Пертская красавица, или Валентинов день - Скотт Вальтер - Страница 60
- Предыдущая
- 60/128
- Следующая
— Поверить! — повторил Рэморни. — Для меня внове, что меня зовут легковерным. Но, искушая меня, Олбени взял в посредники такого человека, что ему поверит каждый, коль скоро речь пойдет о злом умысле… Даже лекарства, изготовленные его рукой, отдают ядом.
— Ну, этот раб оклевещет и святого, — возразил принц. — Тебя попросту одурачили, Рэморни, как ты ни хитер. Мой дядя Олбени честолюбив и не прочь закрепить за собой и своим домом такую долю власти и богатства, на какую он не вправе притязать. Но предположить, что он замышляет свергнуть с престола… или убить своего племянника… Фи, Рэморни! Не понуждай меня сослаться на старую поговорку, что творящий зло ждет зла и от других. Твои слова подсказаны тебе подозрением, а не твердой уверенностью.
— Вы роковым образом заблуждаетесь, ваше высочество! Но я этому положу конец. Герцога Олбени ненавидят за его жадность и корысть, а ваше высочество — вас, может быть, больше любят, чем…
Рэморни запнулся. Принц спокойно договорил за него — Меня больше любят, чем уважают? Это мне только приятно, Рэморни,
— Во всяком случае, — сказал Рэморни, — вас больше любят, чем боятся, а для принца такое положение вещей небезопасно. Но дайте мне слово рыцаря, что вы не разгневаетесь на меня, что бы я ни сделал ради вас как преданный слуга. Предоставьте мне вашу печать, чтобы я мог от вашего имени вербовать друзей, и герцог Олбени не будет больше пользоваться при дворе никаким влиянием вплоть до той поры, когда кисть руки, которая еще недавно заканчивала этот обрубок, не прирастет к телу и не начнет действовать по-прежнему, подчиняясь приказам моего рассудка.
— Но ты не отважился бы омыть свои руки в крови короля, — строго сказал принц.
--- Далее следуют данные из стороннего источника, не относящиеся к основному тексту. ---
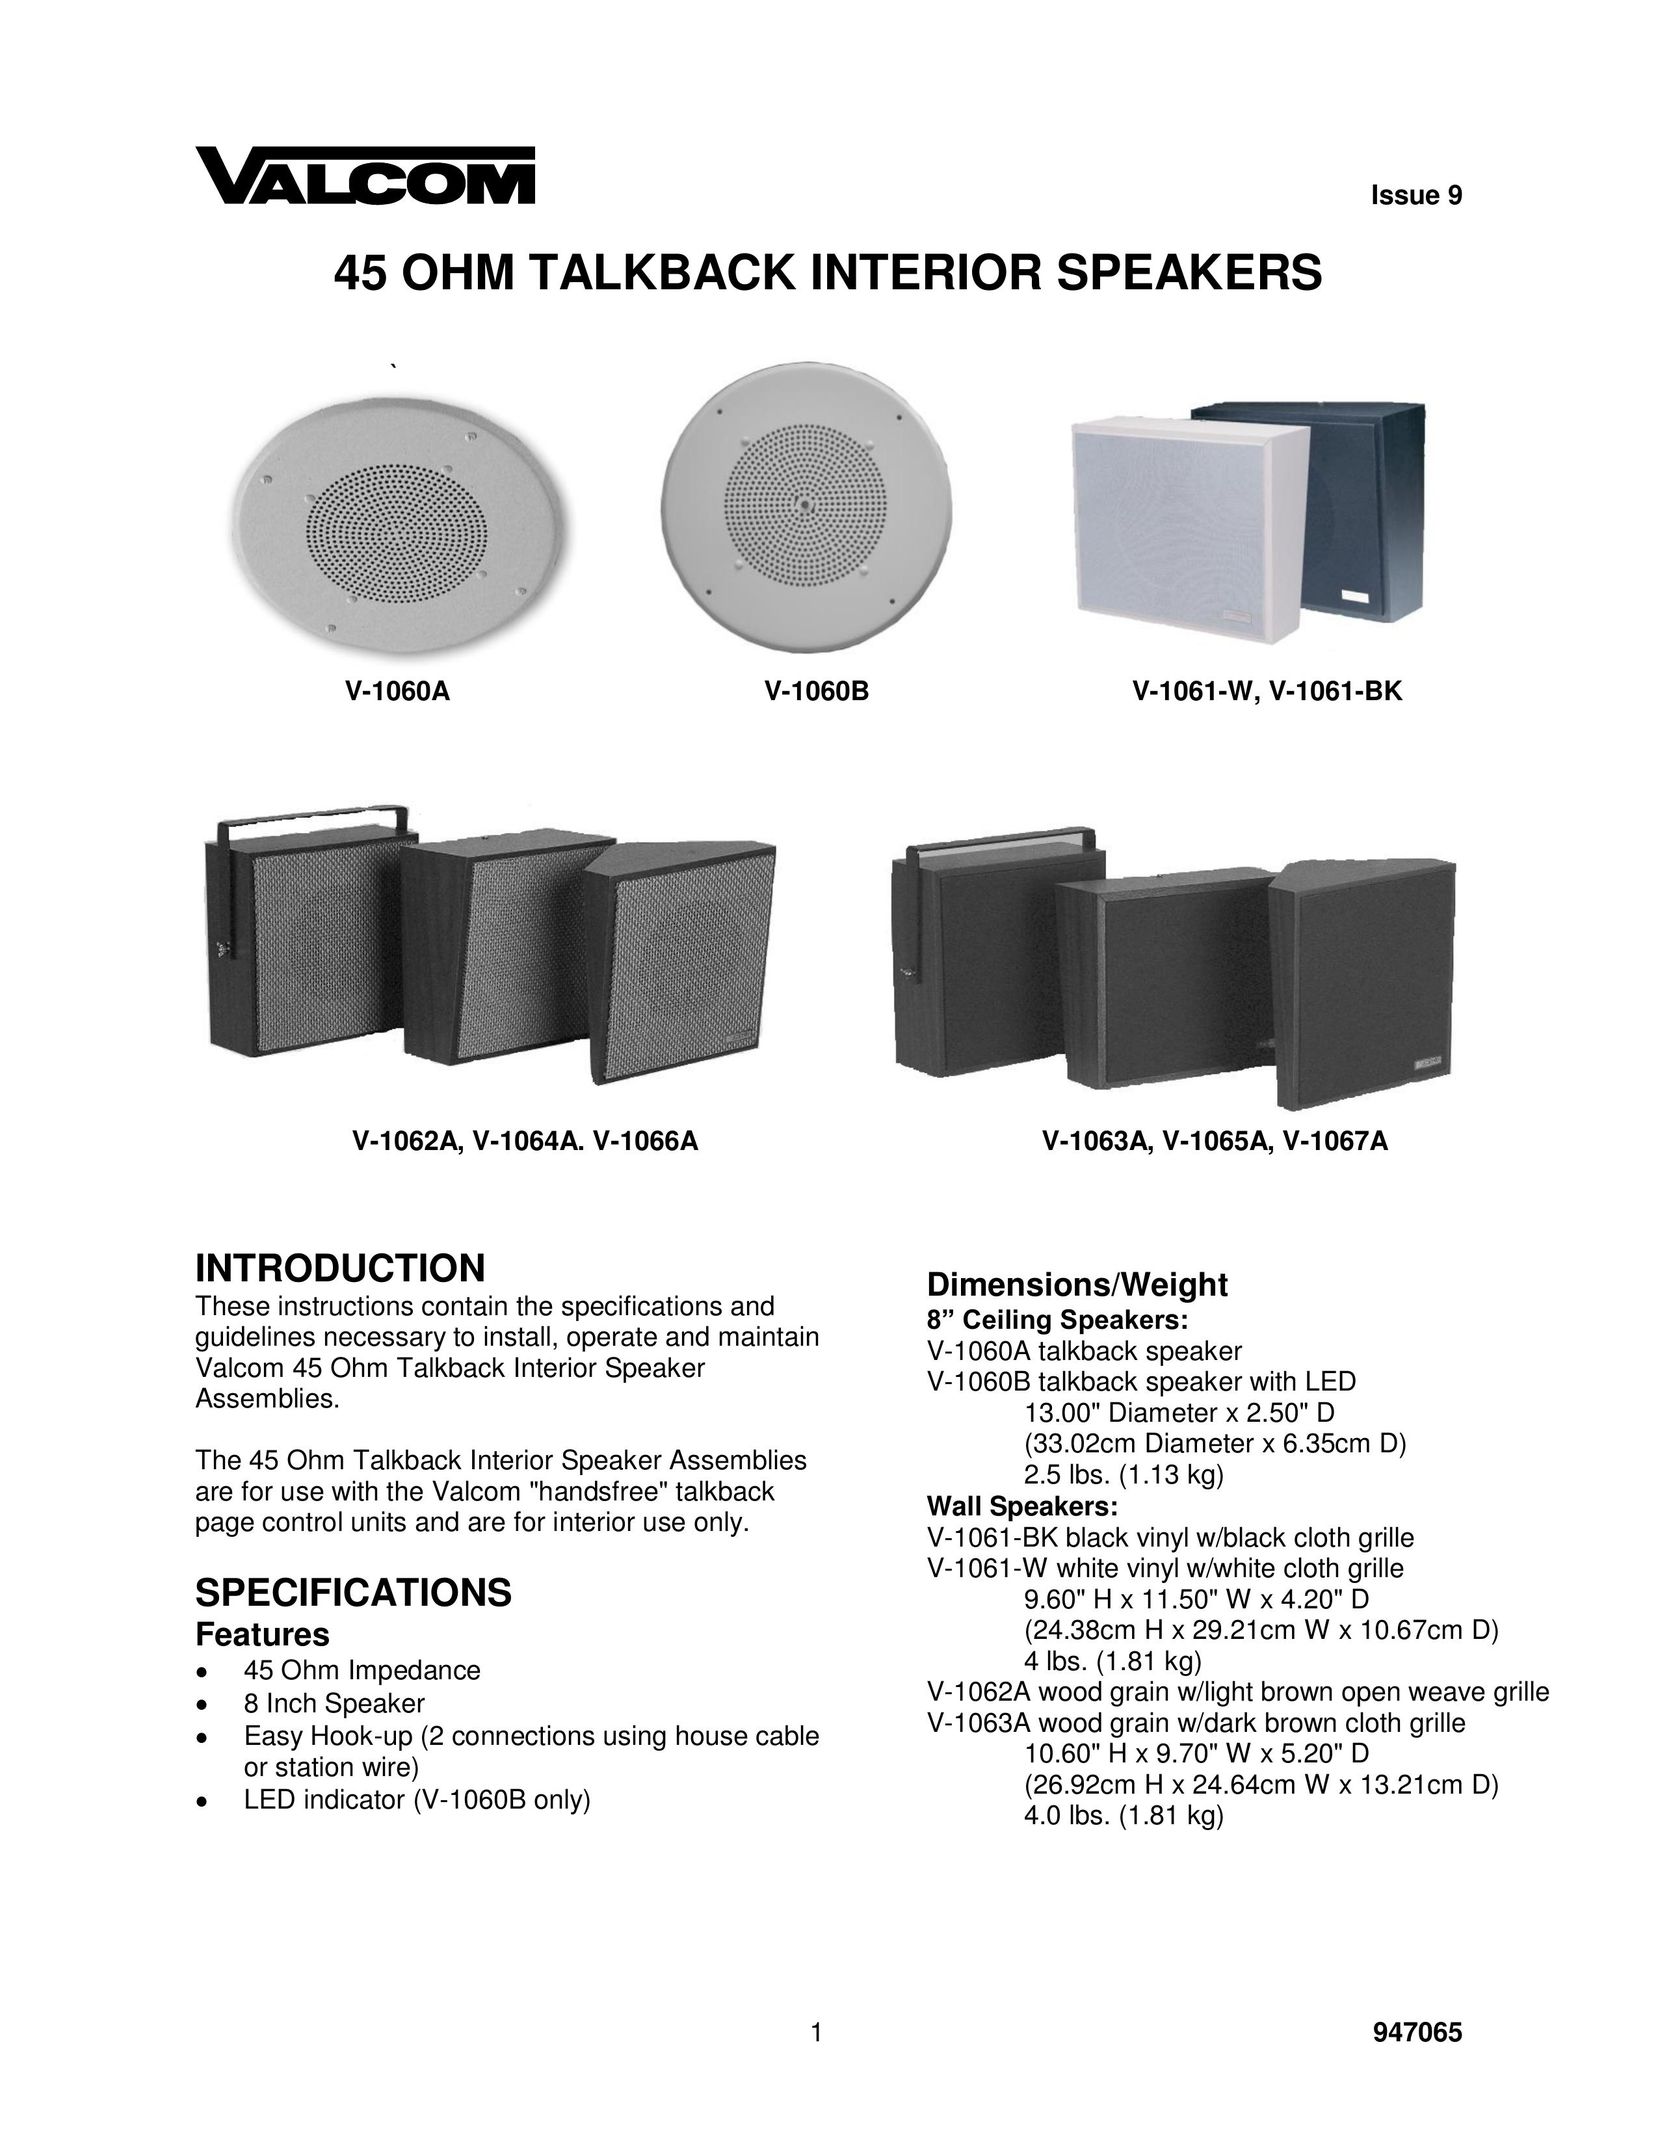 Valcom V-1066A Speaker User Manual

— О, милорд, ни в коем случае. Кровь проливать ни к чему. Жизнь может — нет, должна — угаснуть сама собой. Перестаньте подбавлять в светильник масло и отнимите у него заслон от ветра, и в нем угаснет дрожащий свет. Позволить человеку умереть не значит убить его.
— Верно… Я упустил из виду такой прием. Итак, допустим, мой дядя Олбени перестанет жить, — так, полагаю, нужно выразиться? Кто же станет тогда править Шотландией?
— Роберт Третий — с соизволения и при поддержке мудрого и почитаемого Давида, могущественного герцога Ротсея, правителя королевства и alter egonote 43, в чью пользу, надо полагать, добрый король, утомленный трудами и заботами державной власти, добровольно отречется от престола. Итак, да здравствует наш славный юный государь, король Давид Третий!
— А нашему отцу и предшественнику, — сказал Ротсей, — разрешат ли жить монахом и молиться за сына, по чьей милости ему предоставлено будет право сойти в могилу не ранее, чем этого потребует естественное течение вещей?.. Или на его пути тоже встанут те небрежности, вследствие которых люди «перестают жить»? Ему не придется сменить стены тюрьмы или подобного тюрьме монастыря на спокойную темную келью, где, как говорят священники, «беззаконные перестают буйствовать и где отдыхают истощившиеся в силах».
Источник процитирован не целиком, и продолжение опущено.